“Francesco straordinario punto di riferimento per l’umanità intera”

Le reazioni alle parole pronunciate ieri sui migranti da Papa Francesco. Il Pontefice ha richiamato l'attenzione sui "lager libici"

ULTIMO AGGIORNAMENTO 10:07
Centro di detenzione libico

Papa Francesco straordinario punto di riferimento per l’umanità intera, con le sue parole infonde a tutti noi il coraggio per scegliere senza ambiguità da che parte stare. E ci invita a chiamare le cose con il loro nome e soprattutto a non fuggire dalle nostre responsabilità”, scrive su Twitter Fabio Fazio commentando le parole pronunciate ieri sui migranti da Papa Francesco.

Lavoratori migranti

Francesco e il lager Libia

“È Dio che bussa alla nostra porta affamato, assetato, forestiero, nudo, malato, carcerato, chiedendo di essere incontrato e assistito, chiedendo di poter sbarcare. La Libia è un lager di cui ci fanno vedere solo la versione distillata. Ma non immaginate l’inferno che si vive lì, il lager di detenzione per questa gente che veniva solo con la speranza”, ha detto ieri il Papa durante la messa celebrata nella cappella di Casa Santa Marta in occasione della celebrazione del settimo anniversario della sua visita a Lampedusa. 

Appello

“Ascoltare le parole del Papa sui lager di detenzione in Libia e il governo si faccia promotore di un’iniziativa a livello europeo per fermare la tratta degli schiavi”, sollecita la comunità di Sant’Egidio. “Le parole pronunciate con forza dal Papa nel settimo anniversario della sua visita a Lampedusa scuotono le coscienze. Non si può restare indifferenti di fronte alla situazione che si è venuta a creare ormai da tempo in Libia e di cui, come afferma Francesco, abbiamo solo una versione ‘distillata’ qui nel Nord del mondo e ancora meno oggi nella crisi dettata dalla pandemia”, avverte la comunità di Sant’Egidio.

Tripoli

Inferno

La visita di papa Francesco dell’8 luglio del 2013 spiazzò il mondo che vedeva il nuovo pontefice scegliere Lampedusa come inizio della sua missione. E l’attenzione ai migranti è divenuta poi una delle cifre portanti del suo pontificato. Ieri il Pontefice ha rivelato un racconto inedito di quell’8 luglio: “Ricordo quel giorno, sette anni fa, proprio al Sud dell’Europa, in quell’isola… Alcuni mi raccontavano le proprie storie, quanto avevano sofferto per arrivare lì. E c’erano degli interpreti”. Ma i racconti erano più lunghi della traduzione e tornando in Vaticano, grazie ad una donna etiope scoprì che gli avevano tradotto “nemmeno la quarta parte delle torture, delle sofferenze, che hanno vissuto loro’. Mi hanno dato la versione distillata. Questo succede oggi con la Libia: ci danno una versione distillata”.

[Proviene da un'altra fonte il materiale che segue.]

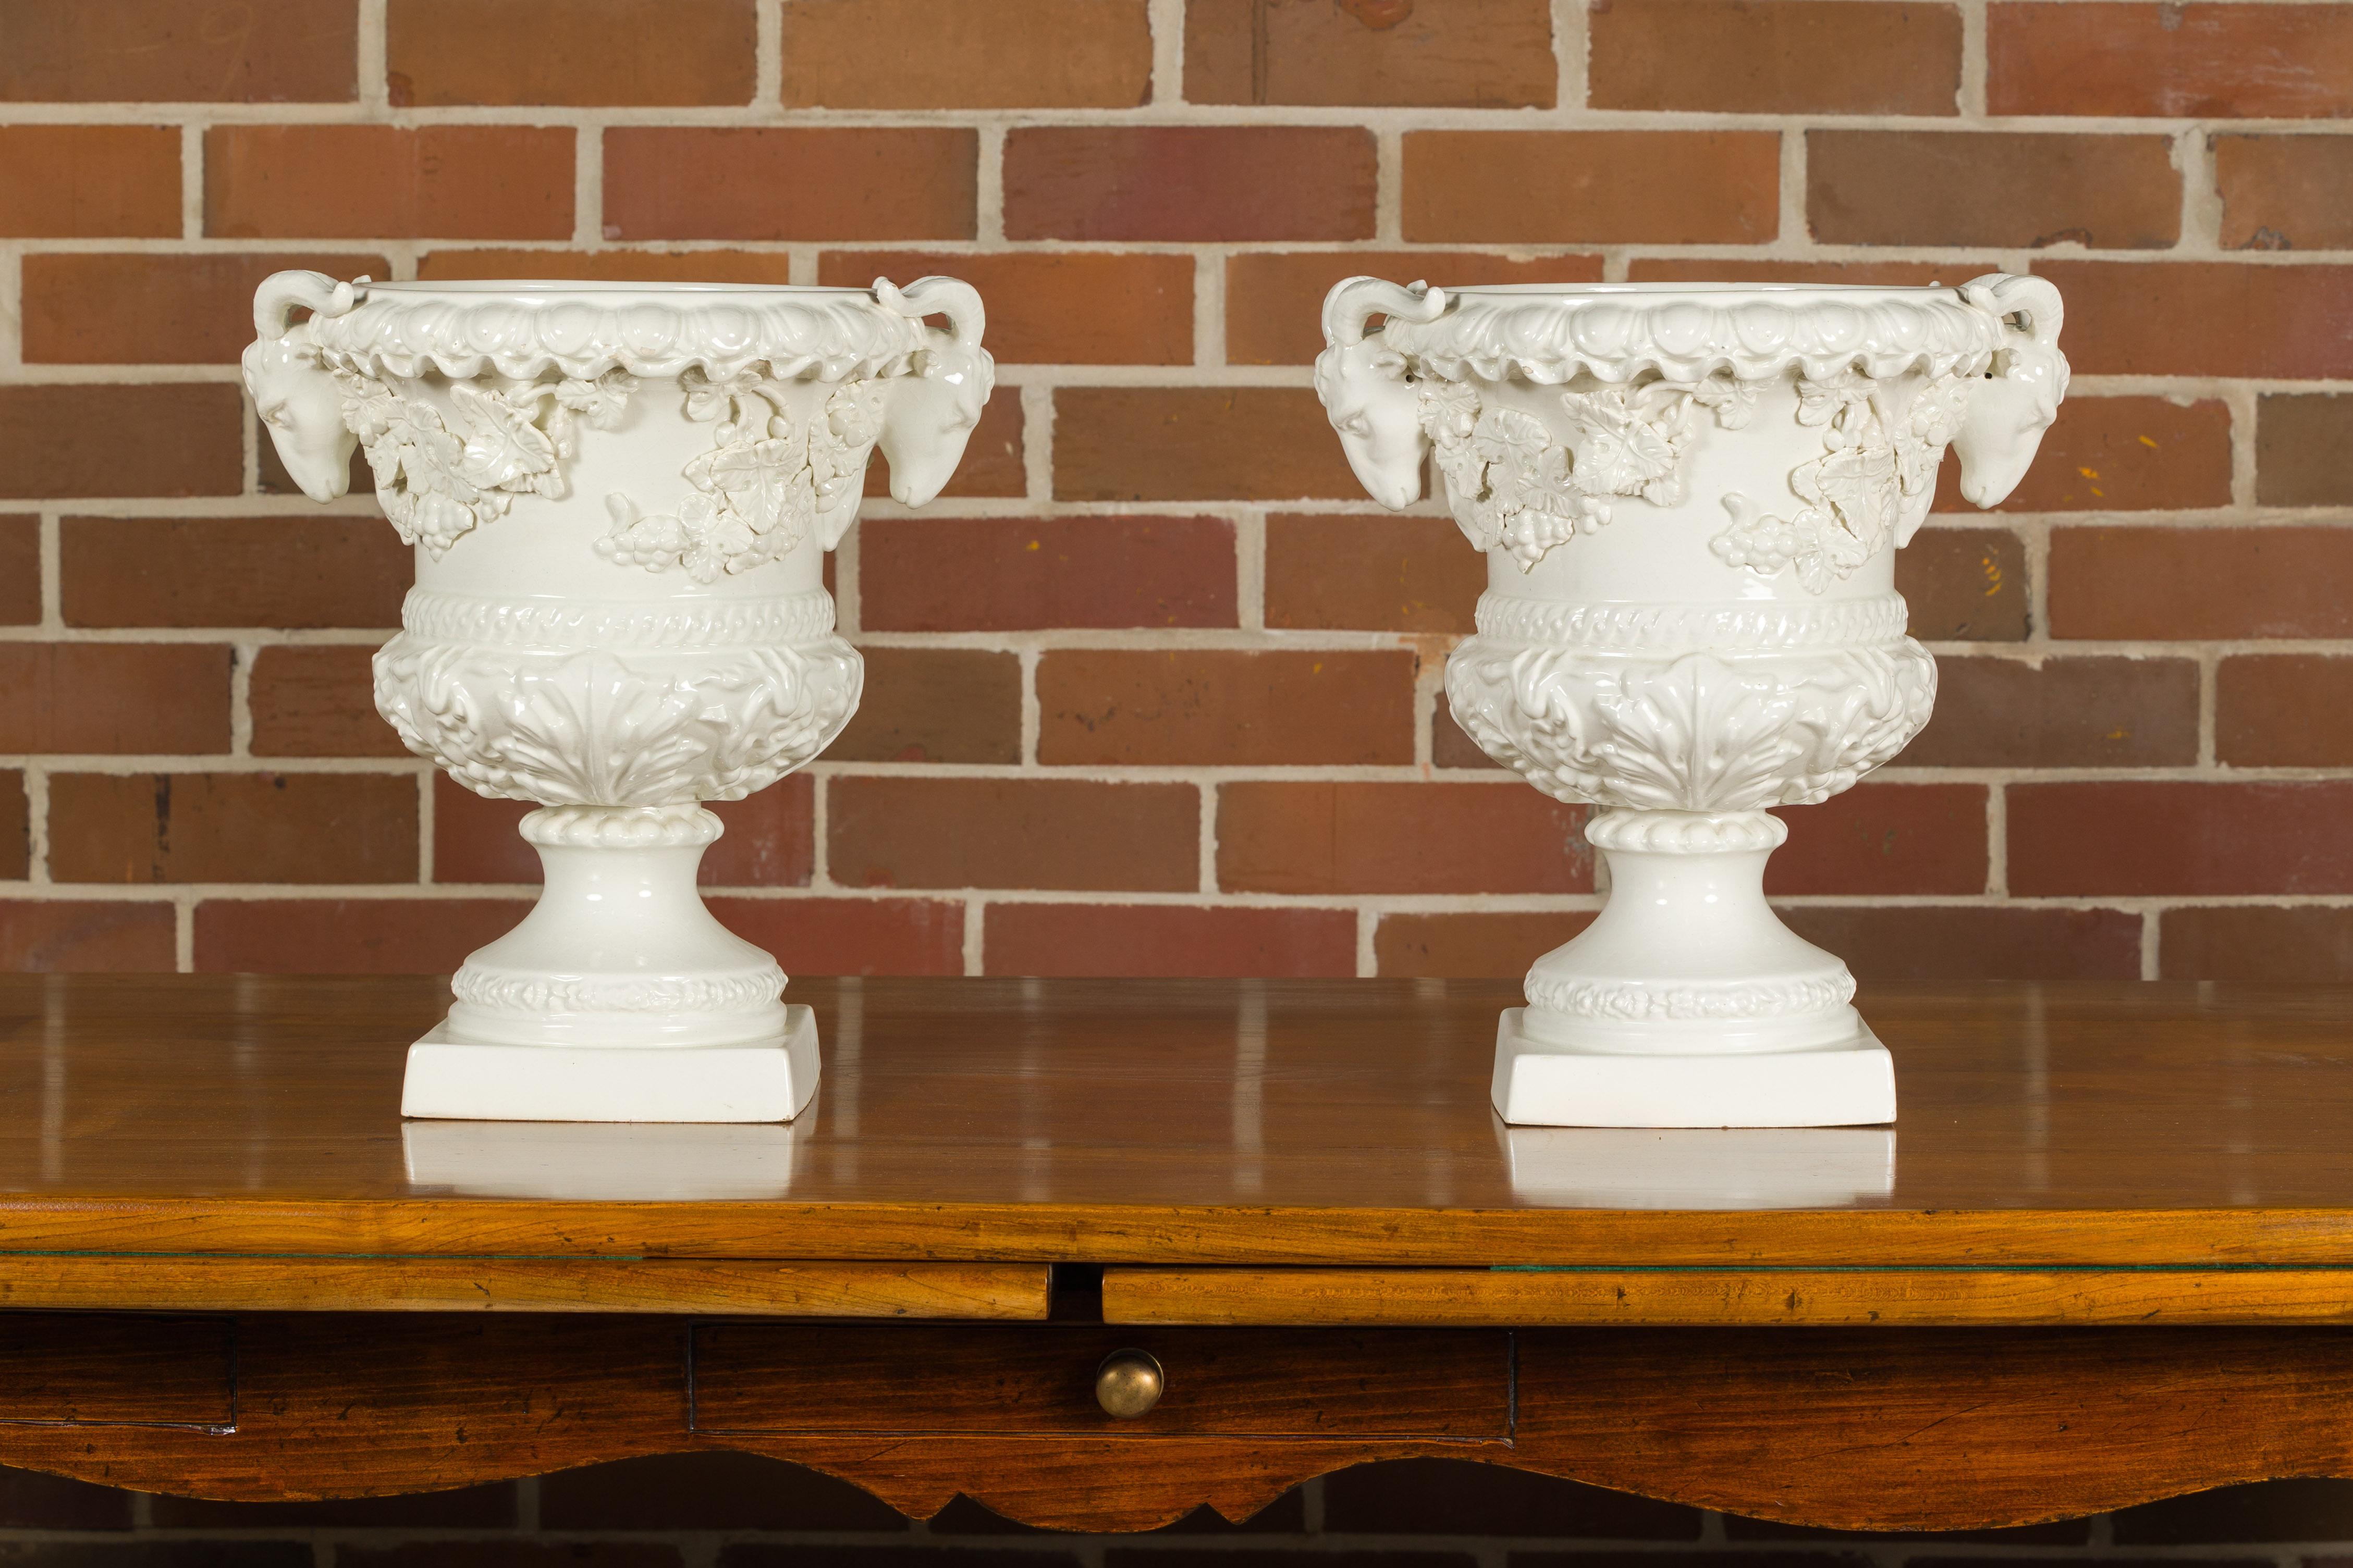 A pair of Blanc de Chine urns from the Midcentury period, with rams heads handles, grapes and ivy motifs. This pair of Blanc de Chine urns, originating from the Midcentury period, encapsulates a blend of classical elegance and intricate design. Each
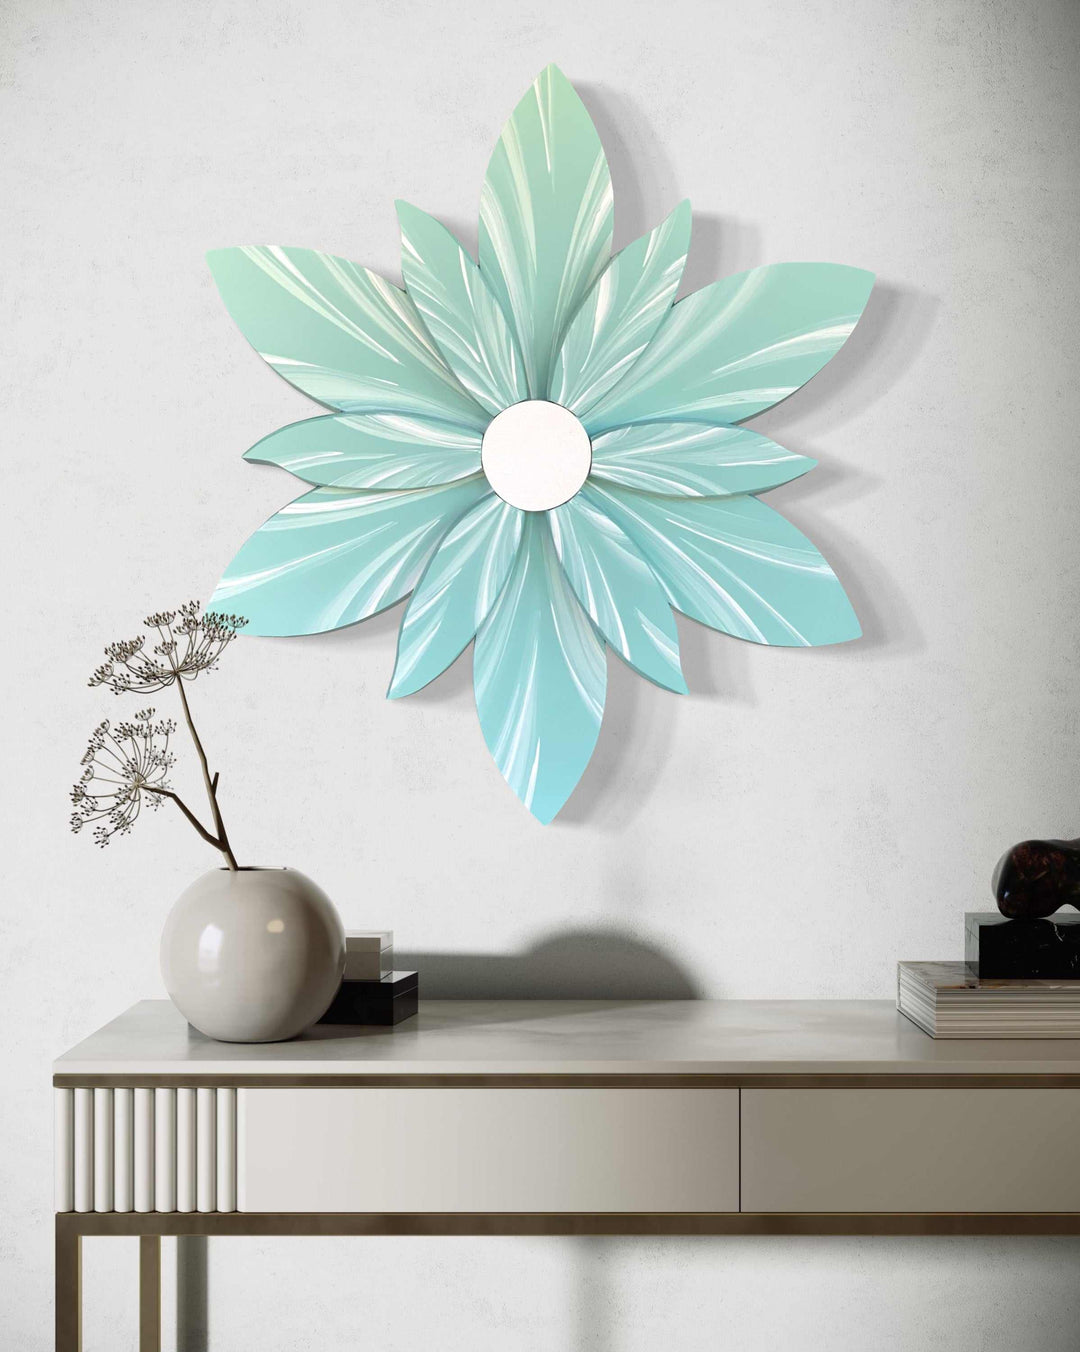 Handcrafted Curled Top Petal Flower - Unique Home Decor | Wood n Wares

Donne libbiche piangono i loro cari uccisi dal virus

Evacuazione umanitaria

Nell’inferno dei lager libici  vivono uomini, donne e bambini che vanno salvati con urgenza se crediamo ancora nella cultura e nella civiltà che hanno fondato l’Europa. L’appello al governo italiano è quello di farsi promotore di un’iniziativa europea per salvare rapidamente chi è vittima di questa moderna tratta degli schiavi. La via da percorrere è quella di un’evacuazione umanitaria da realizzare guardando al modello dei corridoi umanitari che in quattro anni hanno fatto giungere in Italia e in altri Paesi europei oltre 3 mila rifugiati riuscendo ad accoglierli e a integrarli.